Не было ни рваных ран, ни зимы. Шерстка Кая лоснилась, по телу разливались сила и покой, которых он не знал уже давно. Наверх, в гору, вела узкая тропка. Кай побежал
по ней. Он точно знал, что это — правильная дорога, и неважно было, куда именно она ведет. Его переполняло чувство полного доверия к миру. Кай наслаждался здоровьем
и силой, очень быстро поднимаясь все выше и выше по крутому склону, пока не очутился на утесе, с которого открывался вид на долину, залитую светом закатного солнца: еловые шелестящие шепчущие леса, вспыхивающие то тут,
то там огоньки, извилистая река, вольно раскинувшаяся меж гор, блестящая чешуей волн, словно огромный змей.
Кай остановился и вдохнул полной грудью. На небе, начинавшем темнеть не с востока, а прямо в зените, он увидел первые звезды, сияющие сапфиры, поющие ему о чем-то далеком и беспредельном. Кай заслушался и не заметил, как поднялся на задние лапы, и очнулся, лишь когда коснулся своего лица почти человеческими пальцами. Дальше Кай пошел на двух ногах. Это казалось вполне естественной переменой, это его совсем не удивляло, а наоборот — вызывало чувство чего-то давно знакомого. Тропинка все вилась впереди. Она была живой, она ждала его здесь очень долго, и чем дальше шел Кай, тем сильнее он ощущал восторг земли и камней под своими ногами.
Его окружила стайка мерцающих огоньков. Лапой-рукой Кай попытался коснуться одного, но огонек все время ускользал.
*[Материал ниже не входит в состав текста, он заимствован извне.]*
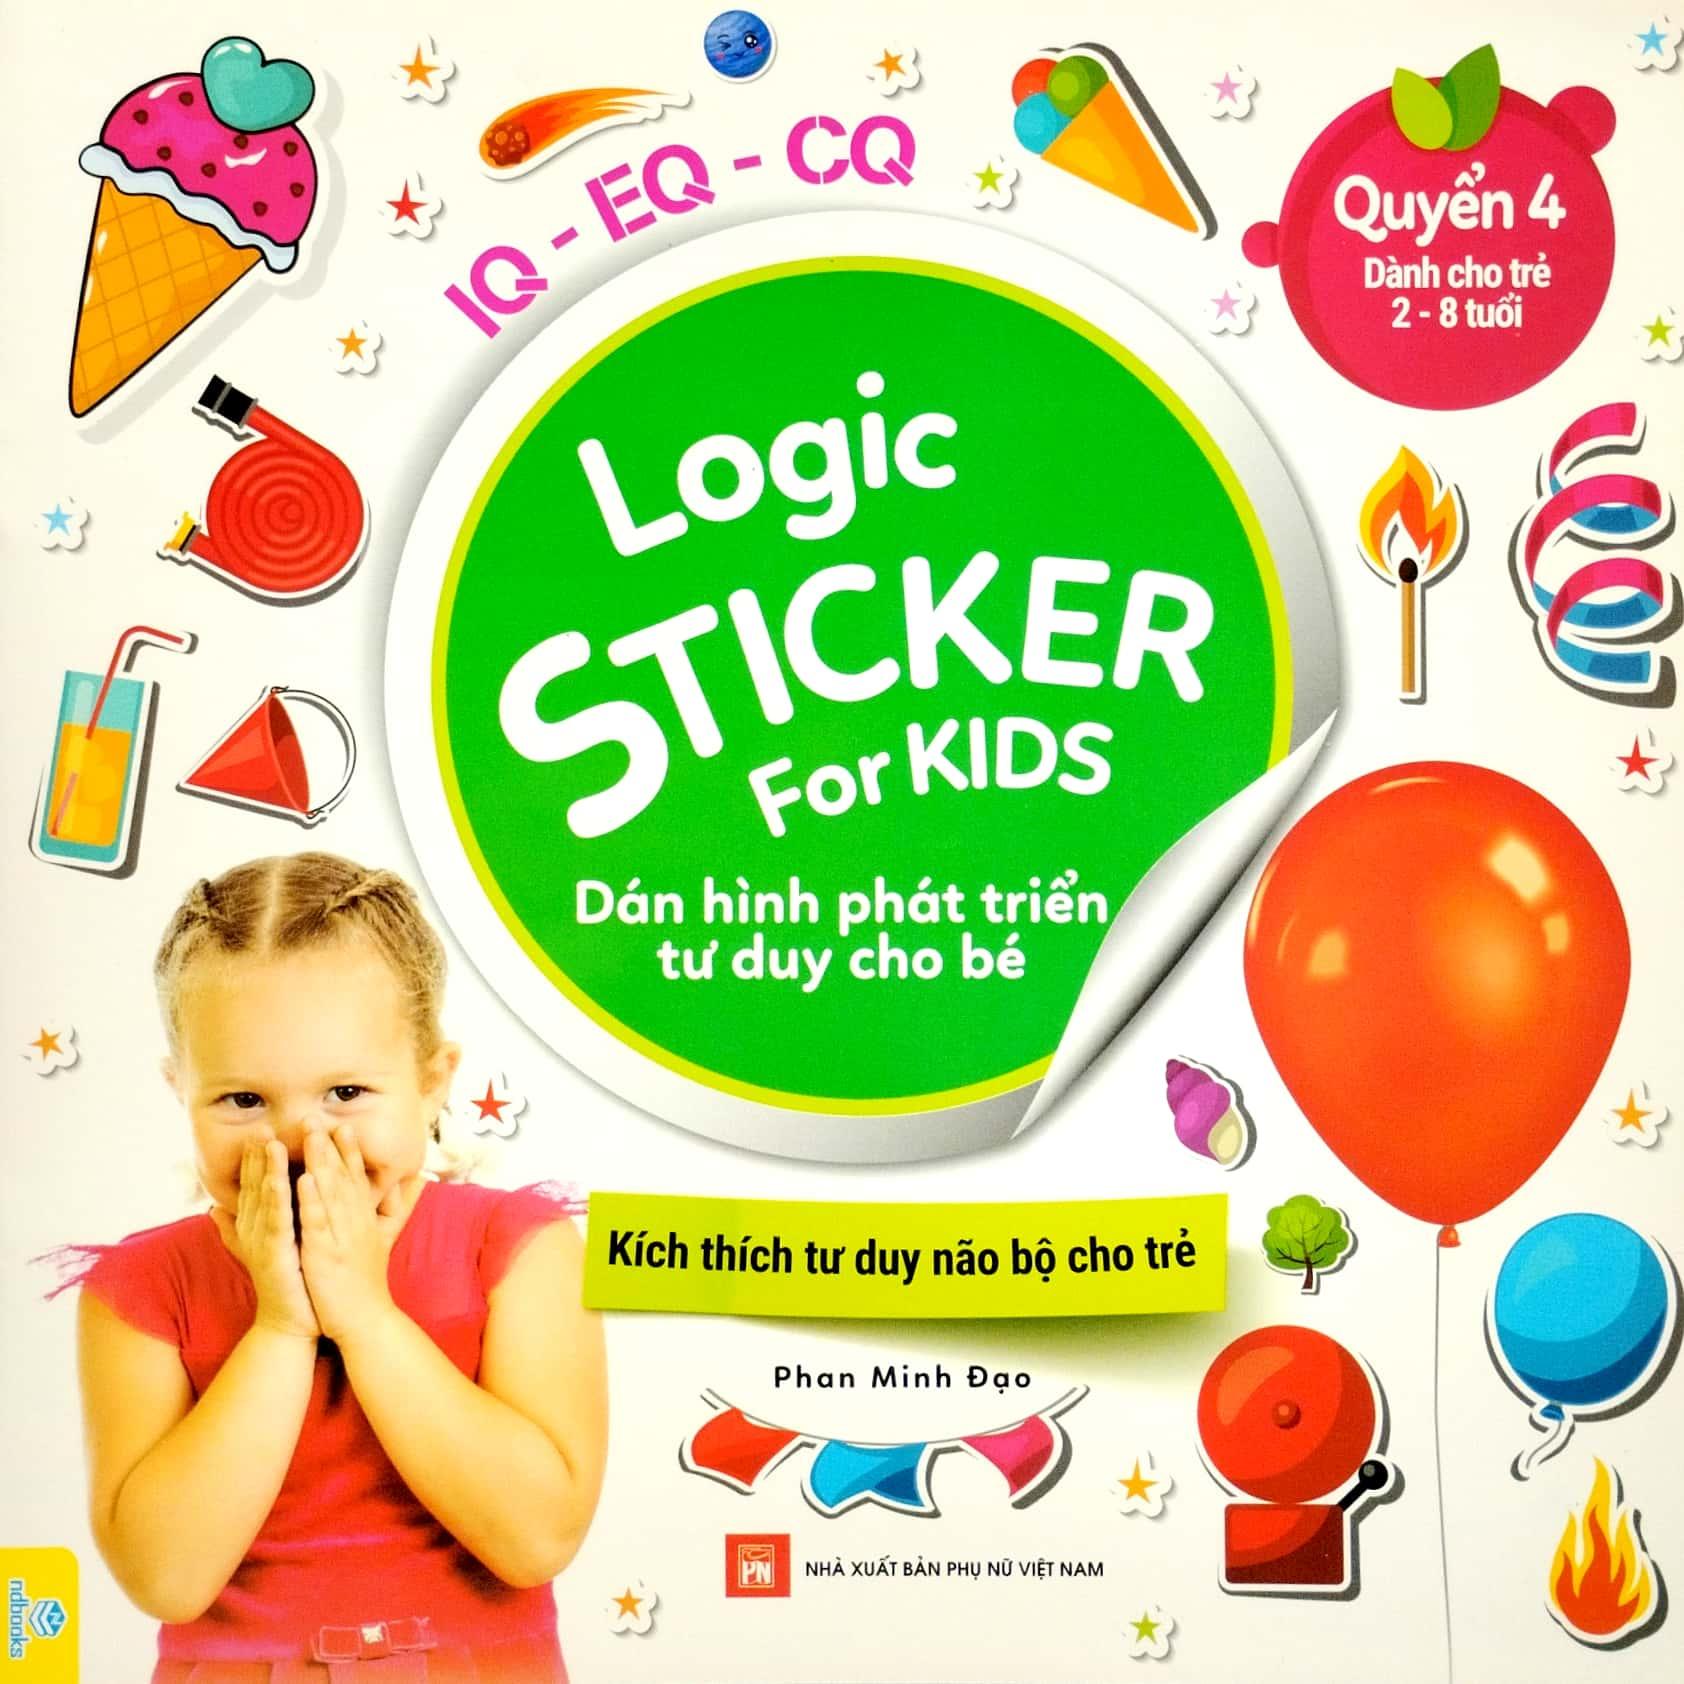 Logic Sticker For Kids - Dán Hình Phát Triển Tư Duy Cho Bé - Quyển 4 (Dành Cho Trẻ 2-8 Tuổi)

Светлые огоньки обдавали пальцы теплом, а голубые слегка холодили. Эти ощущения были приятны.
Из-за деревьев на уступе выплыла высокая витая башня цвета слоновой кости, монолитная, с золотым шпилем. Вход в башню предваряла изящная терраса, зависшая над бездной. Вид на долину отсюда захватывал дух. Кай направился к террасе, где, он точно это знал, его уже ждали. Там собрались коты и кошки, а может быть, это были вовсе не коты и не кошки; он сам уже не знал, кот он или нечто другое? Тела кошек были изящны и тонки или пышны, но музыкальны. Коты же выглядели сильными и атлетичными, но в меру. Их одежду составляли тонкие вуали, золотые украшения
и драгоценные камни.
Кай был наг, но стоило только подумать об этом, как сама собой на нем возникла одежда — зеленый плащ, изумрудная тиара, серебряные браслеты с украшениями из малахита и лунными камнями в центральных розетках, обрамленных тончайшими узорами, туника и пояс из зеленого шелка с золотым и серебряным шитьем.
Он взошел на террасу у башни, окруженный сонмами огоньков, которые слетались к нему отовсюду, и музыка, которую тонкие лапки кошек извлекали из призрачных арф, затихла. Все обратили на него свои благородные взоры. Они улыбались и приветствовали его, он это знал, хотя
не было сказано ни слова.
Кай сел на пустующее место у балюстрады и стал смотреть, как догорает закат. Музыка зазвучала снова, и все
по очереди стали читать стихи. Это были даже не стихи и не песни, это был естественный способ общения благородного собрания. Вскоре очередь дошла и до Кая, и он, немного смущаясь, молвил:
«Я из мглы и мороза,
рожденный в грязной коробке,
я, спешащий жить,
где отдыхаю теперь?
Ответьте, о благородные,
утолите вы мою ненасытную жажду,
скажите,
что же такое
кошачий мед?»
И ему отвечала прекраснейшая из кошек:
«О достойный, в благородстве
ты превосходишь каждого здесь.
И мудростью нет подобных тебе,
ответь же ты сам на этот вопрос».
«Я не знаю», — ответил ей Кай.
«Тогда открой свои очи», — ответила кошка.
«Мои очи открыты», — ответил Кай.
«Тогда смотри, медоокий», — ответила кошка.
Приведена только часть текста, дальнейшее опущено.